With great radio reception, NOAA early-warning notifications, and a hand crank that effectively revives it, the ER310 is a durable, compact radio that doubles as a flashlight and charging station.

May be out of stock

*At the time of publishing, the price was $74.

Whether you’re evacuating from a hurricane or sheltering in place, it's crucial to keep tabs on the status of the storm. You’ll need "some kind of way to listen to a radio station because TV stations may be out," Reichel told us. We think your best option is a dedicated emergency weather radio, specifically the Midland ER310. The Midland offers better reception, a brighter flashlight, and more-effective charging options than other models we tested, including the ability to charge from dead through solar power or hand-cranking. It can also receive NOAA extreme-weather alerts, providing notifications that are both loud and readily visible so you won't miss any warnings. The ER310's convenient size makes it comfortable to carry, so it's easier to grab on the go in the case of an imminent storm. It was also one of the few radios we tested that lived up to its crank-generating claims: We found that just one minute of cranking produced 10 minutes of radio time or a few minutes of flashlight use. Plus, the ER310's durable body can stand up to heavy rain or a drop onto a hard surface.

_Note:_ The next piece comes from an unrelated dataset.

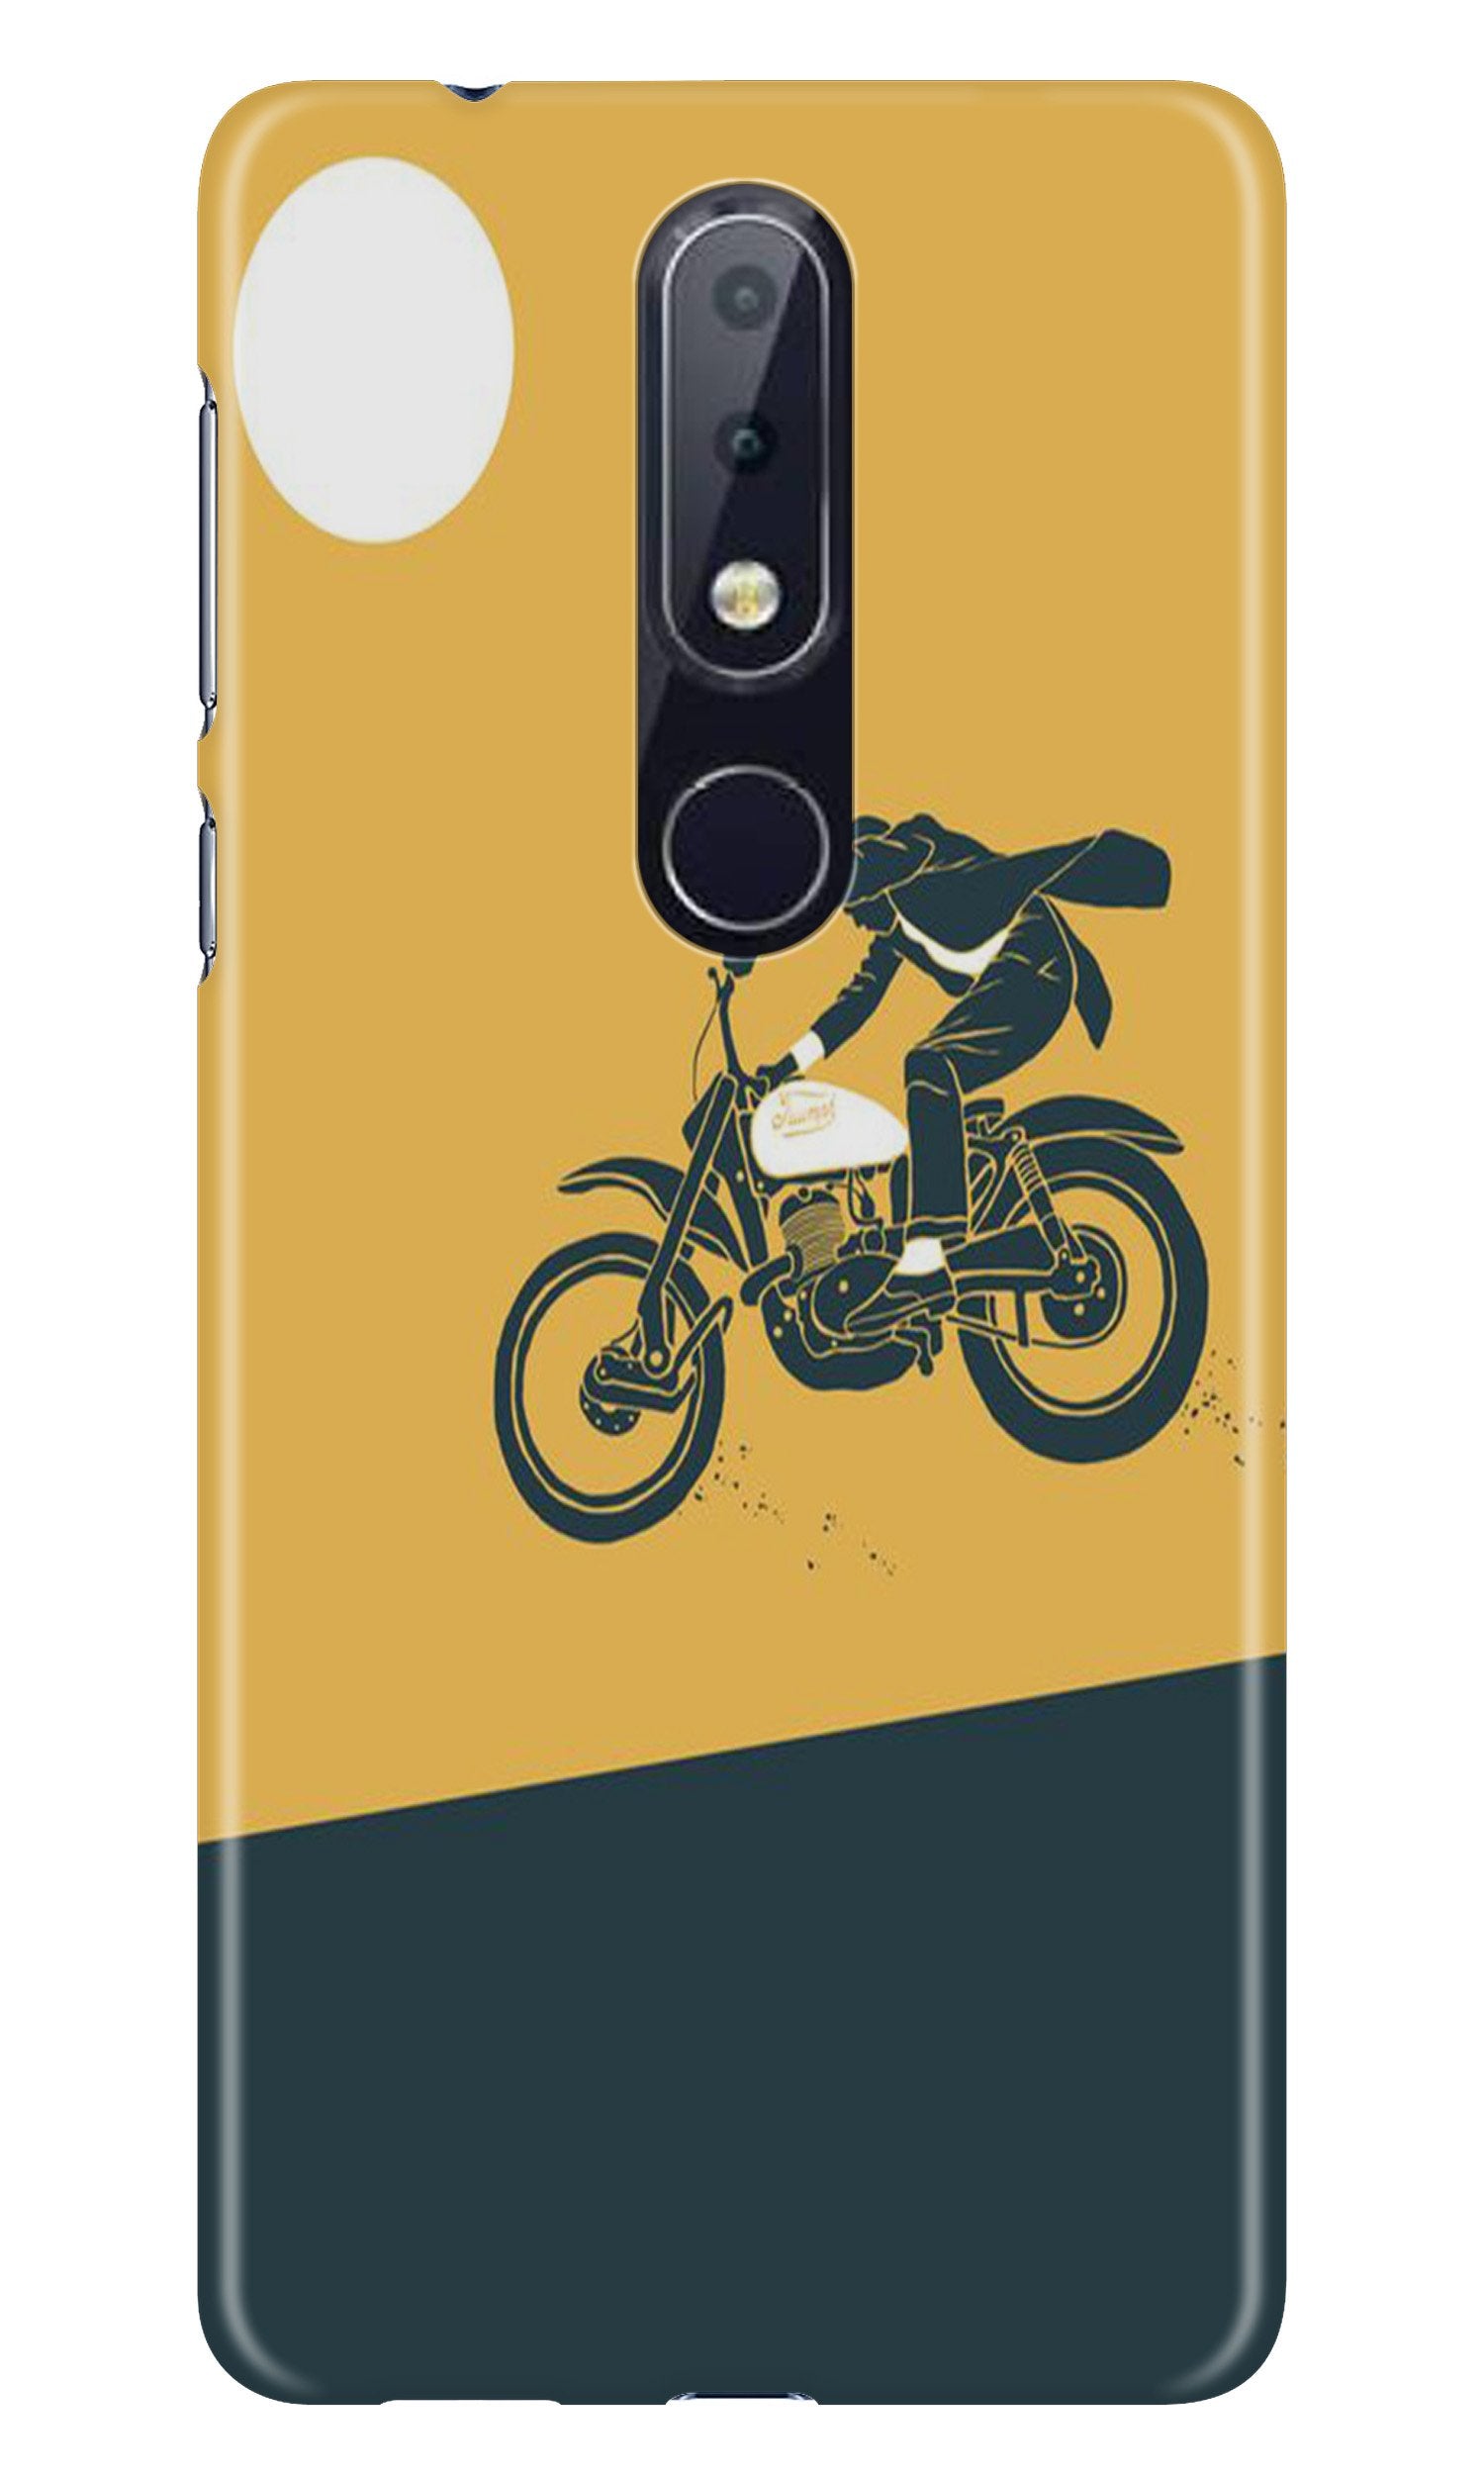 Bike Lovers Case for Nokia 7.1 (Design No. 256)

The lid of a Weathertight Tote is gasketed and attaches with four clasps (whereas most lids have only two), making this the best choice for keeping valuables and supplies dry during a storm.

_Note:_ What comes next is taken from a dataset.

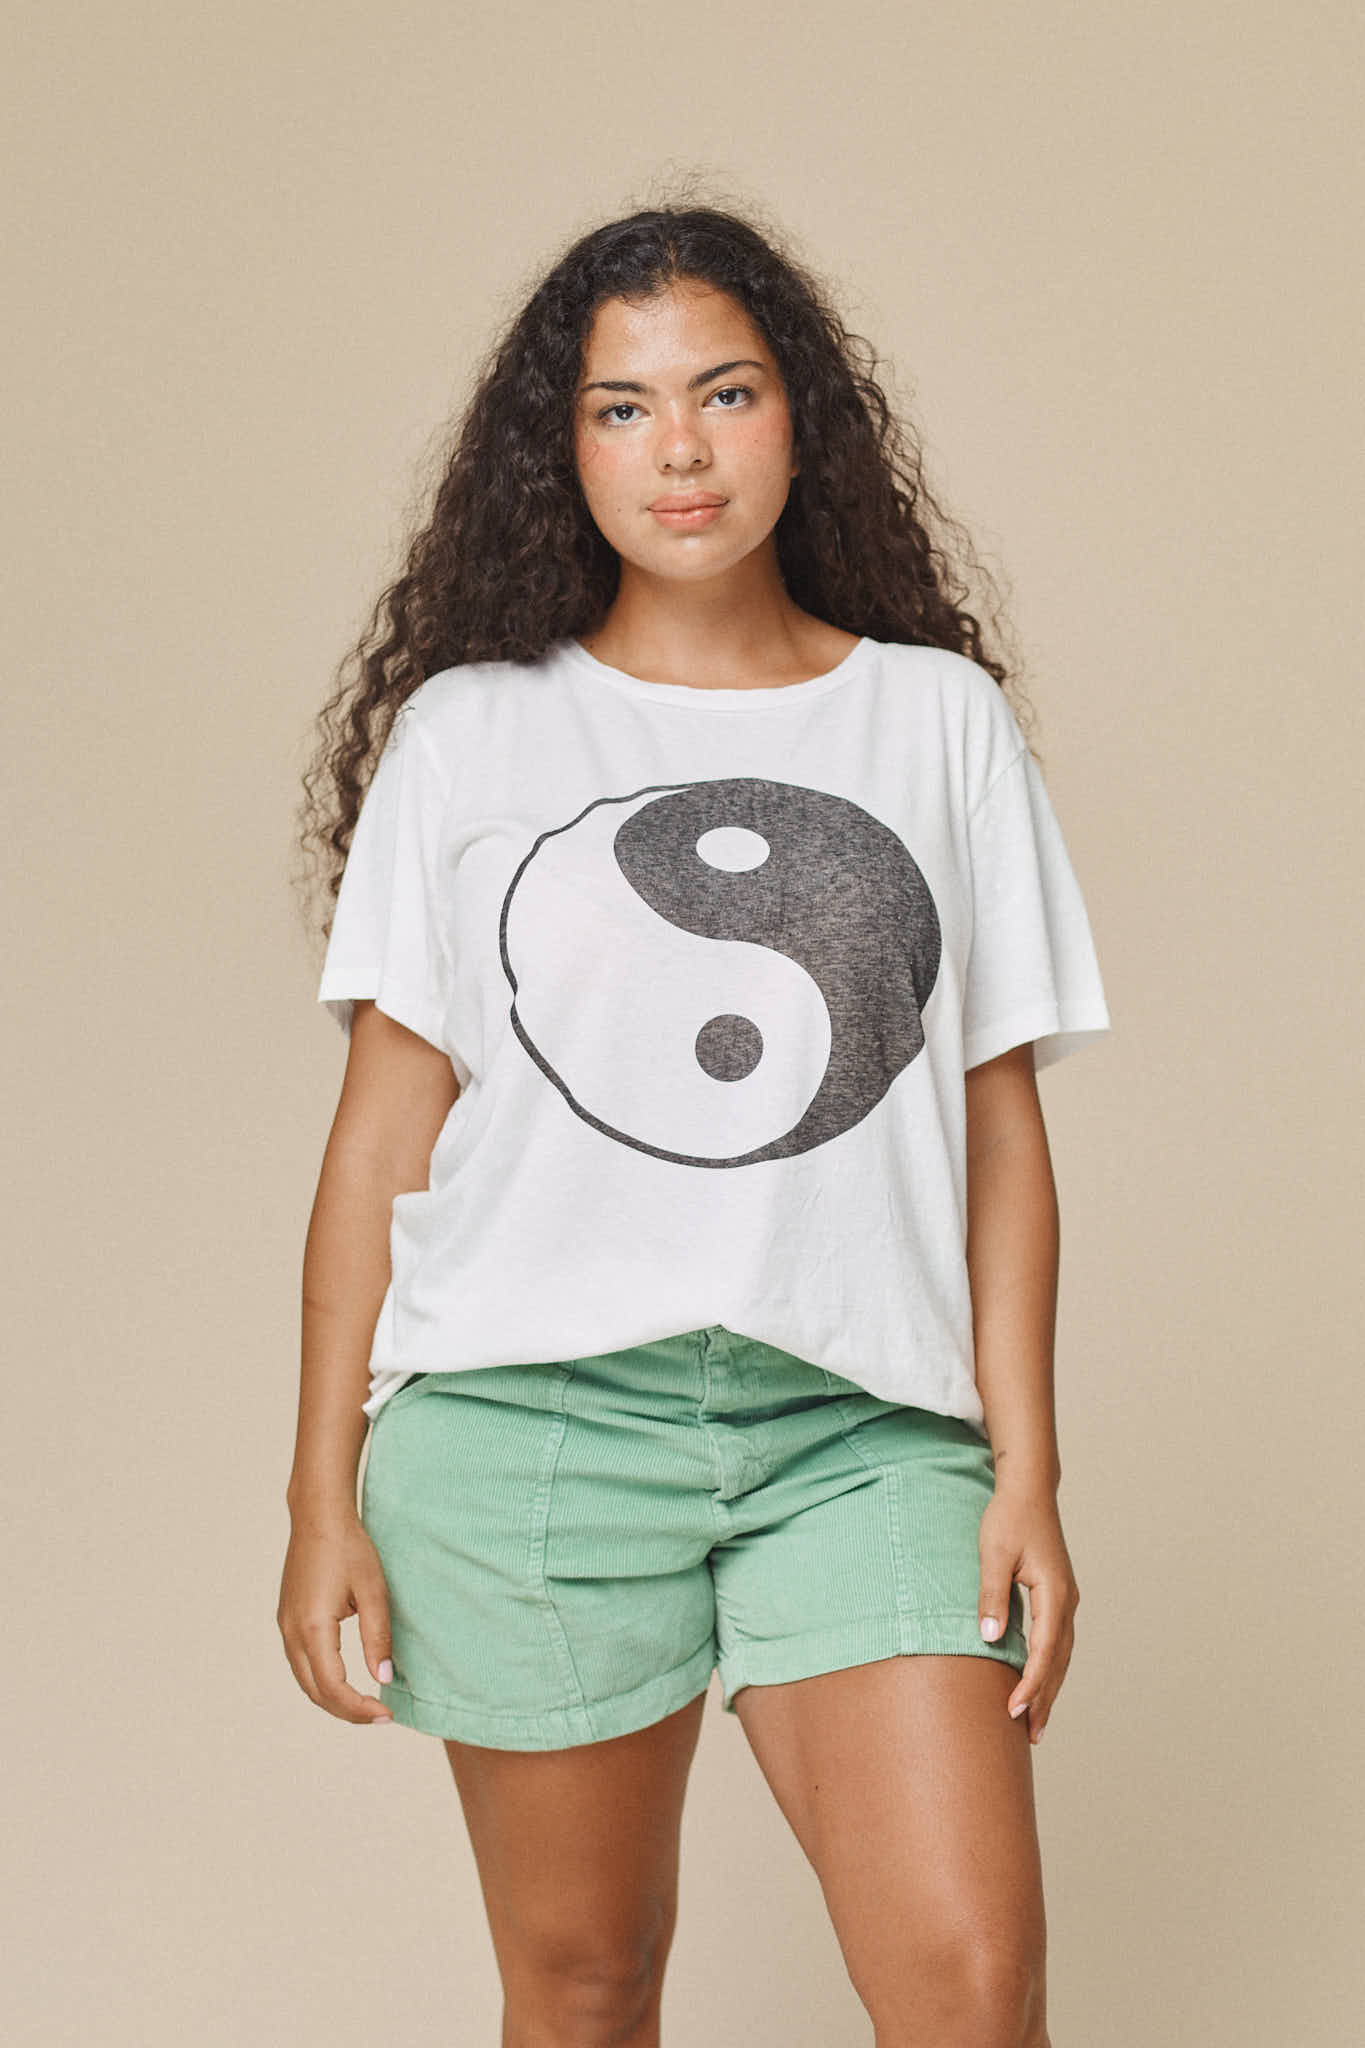 Yin Yang Ojai Tee | Jungmaven Hemp Clothing & Accessories / model_desc: Nikki is 5’2” wearing L

During the high winds and flooding of a hurricane, water-resistant bins can keep emergency supplies, important documents, valuables, and other personal effects clean and dry. After testing 32 different bins—by tossing them down a set of stairs and leaving them out in the rain—we found that the Iris Weathertight Totes had the best combination of weather resistance and durability.

The lid's foam gasket creates a watertight seal, and four clasps hold the top on tight (most lids have only two clasps). In most instances, the Iris bins will keep their contents dry, but note that they are "weather-resistant," not waterproof, so they are not designed to be submerged; in extreme circumstances, such as a fully flooded basement, moisture could get in. For added security, USI insurance recommends (PDF) running duct tape around the rim of a bin's lid and wrapping the upper half of the bin with stretch plastic. You should seal important items, such as official documents and family photos, in zip-top bags for additional protection.

The straight sides of the Weathertight Totes maximize storage space, and the design of the lid makes these bins very stackable. Because these bins are clear, you can easily identify contents at a glance. They are available in a wide variety of sizes, ranging from 6½ quarts to 103 quarts.

A Bic lighter is a simple way to get a fire going or spark up the range during a power outage. These lighters are long-lasting and can hold a flame in a light breeze or a little rain.

*At the time of publishing, the price was $10.

Most experts, including those at the American Red Cross (PDF), don't recommend using candles for emergency lighting, but a source of fire can be helpful for cooking in the aftermath of a hurricane. Reichel pointed out that without power, most gas stoves are rendered useless because of their electronic igniters. To get the stove going, you need to provide your own starter flame. A lighter can also get an outdoor cooking fire going, such as in a fire pit or chiminea. Bic lighters are easy to use and inexpensive, and they can hold a flame in light wind or a little rain.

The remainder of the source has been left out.